Позже, после показа ее собственного кино, провожая безгранично благодарного, почти лишенного дара речи Кита до двери на лестницу, готовая выпустить его под дождь и на ветер, Николь (не вынимая рук из карманов своих широченных брюк) произнесла — задумчиво, так, словно ее мысли блуждали где-то очень далеко:
— Он
— Джек Дэниелс! Будет исполнено, провалиться мне на этом месте!
Теперь, казалось, ей придется-таки его поцеловать.

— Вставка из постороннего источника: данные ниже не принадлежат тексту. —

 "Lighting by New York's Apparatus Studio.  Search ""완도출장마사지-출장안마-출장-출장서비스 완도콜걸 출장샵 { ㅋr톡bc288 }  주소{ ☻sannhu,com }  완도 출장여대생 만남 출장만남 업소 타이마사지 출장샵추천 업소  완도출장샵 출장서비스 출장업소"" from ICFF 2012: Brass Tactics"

Что поделать, ведь он просил об этом. Николь ощутила внутри себя некий шум, легкий сдвиг, что-то вроде стона — возможно, один из тех трагических всхлипов, которые, говорят, издают разлученные влюбленные. Она глубоко вздохнула, наклонилась вперед и одарила его «Розовым бутоном» — рот сжат куриной гузкой, глаза благодарно прикрыты.
— Ах, — сказала она, когда это кончилось (а все длилось не более полусекунды). — Терпение, Кит, терпение. Со мною ты скоро поймешь, что нет дождей — есть только ливни. Полумер я не признаю… Смотри!

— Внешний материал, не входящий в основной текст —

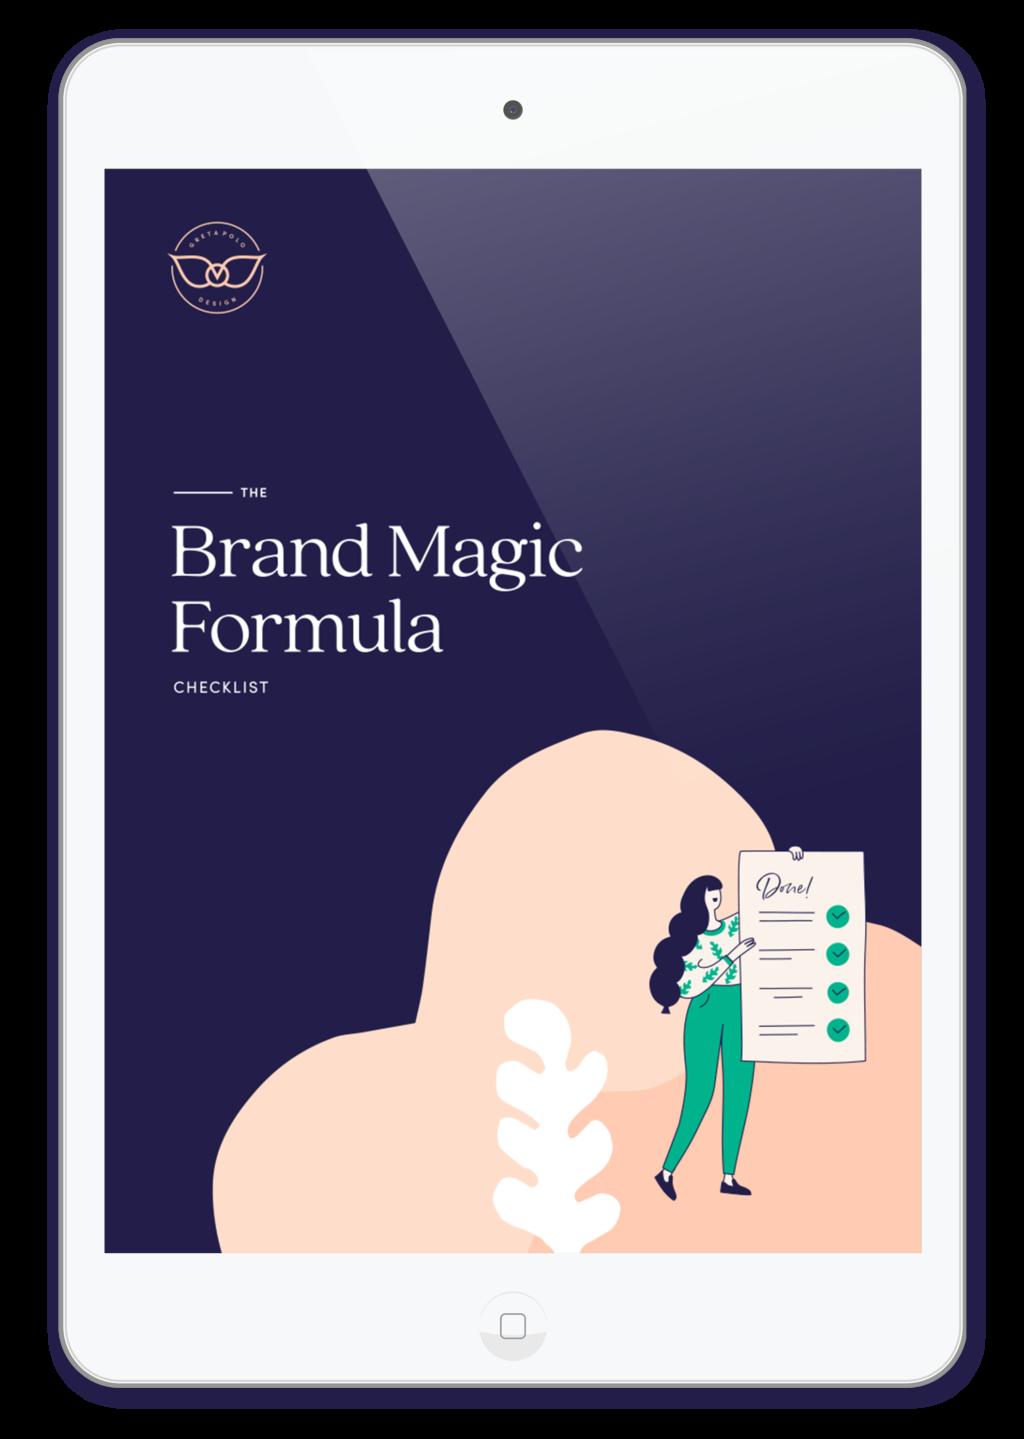 Brand Magic Formula Checklist lead magnet ipad image

«Джек и бобовый стебель». О, эти юные ноги, стройность которых так выгодно оттенена багровой туникой! И эта пылкая, жизнелюбивая улыбка!
— Бенедиктин! — сказал Кит. — Джим Бим! Порно!
— …Что?
— Порно. Ну, пойло такое. Можно купить в «Голгофе». Или, при случае, у одного хмырька в экономическом. Дешевое, на фиг, потому как его дважды стибрят, прежде чем продать.
— …Ладно, беги, Кит.
— Ну, всего.
Она вернулась в гостиную, увидела, что на диване пристроился неожиданный и недолговечный ворох солнечных лучей, и плюхнулась прямо в него, разметав руки-ноги и став похожей на черную звезду. Округлый ее животик подпрыгнул три-четыре раза, когда она рассмеялась — в бессильном гневе. Да, замечательно. Порно: и — порно. Ну конечно. Если надо. Как ни удивительно, Николь терпеть не могла порнографии — или, точнее, она не терпела вторжения порнографии в собственную любовную жизнь. Потому что она (порнография) столь ограничена, потому что в ней нет места чувствам (она обращается непосредственно к ментальным вывертам), потому что она насквозь провоняла деньгами. Но создавать порнографию она умела. Это было просто.

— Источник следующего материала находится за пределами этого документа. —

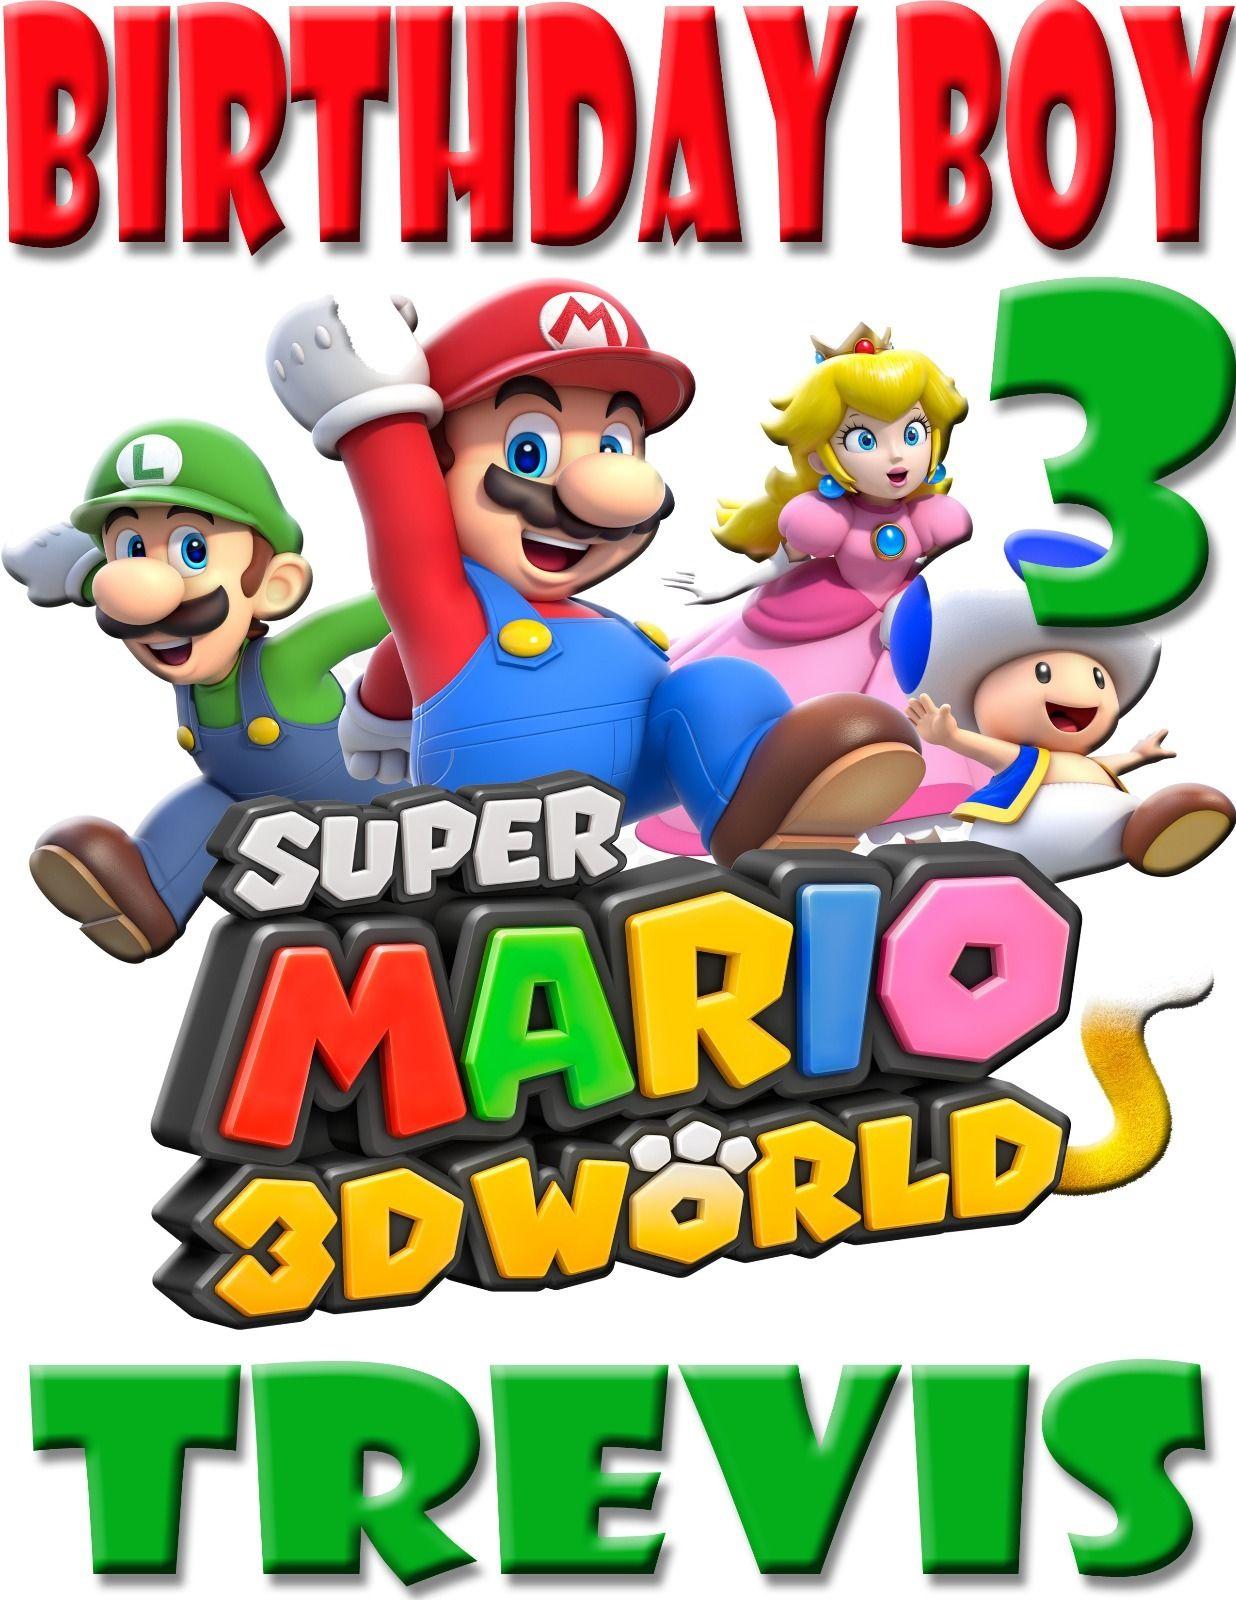 New super mario 3d custom birthday boy shirt add name

Артистка, исполняющая роли, артистка, вешающая лапшу на уши, артистка, доводящая порою до белого каления, и в значительной степени артистка в постели, она ко всему была еще и артисткой; и, хотя всегда точно знала, куда хочет попасть, порою ей было неведомо, как она туда доберется. Но в этом нельзя сознаваться, даже самой себе. Разум твой должен быть подобен шайбе, летящей поверх всего этого трескающегося льда. Надо довериться своему чутью, иначе — смерть. Она снова рассмеялась и коротко фыркнула, что заставило ее потянуться за носовым платком (так, а кто запланировал это — кто запланировал этот лопнувший пузырь юмористической слизи?), когда вспомнила о той поистине убийственной роли, что выбрала она для исполнения перед Гаем Клинчем. «Есть еще одно обстоятельство: я — девственница». Девственница. Ох-ох-ох. Да-а. Прежде Николь не доводилось говорить этих слов, даже когда у нее была такая возможность: двадцать лет назад, в кратком промежутке между тем, как она узнала, что это значит, и тем, как перестала быть таковой. Она никогда не говорила об этом, когда это было правдой (особенно тогда. Да и разве озадачило бы это пьяного корсиканца в его усыпанной золой котельной под отелем в Экс-Ан-Провансе?). «Я — девственница». Но все когда-то делается в первый раз.
Самое смешное, по-настоящему смешное… состояло в том, что она чуть было — вот чуть-чуть,
Николь шумно высморкалась и улеглась на диване, сжимая в руке скомканный платок. Два широких фронта: туманные награды от архаичного сердца Гая; Кит Талант со своей рептильной модерновостью. Она была артисткой, руководствующейся разумом, и более или менее знала, чему надлежало произойти. Но этого она не знала никогда. Никогда не знала она этого о финальном своем проекте. Никогда не знала, что он окажется такой тяжелой работой.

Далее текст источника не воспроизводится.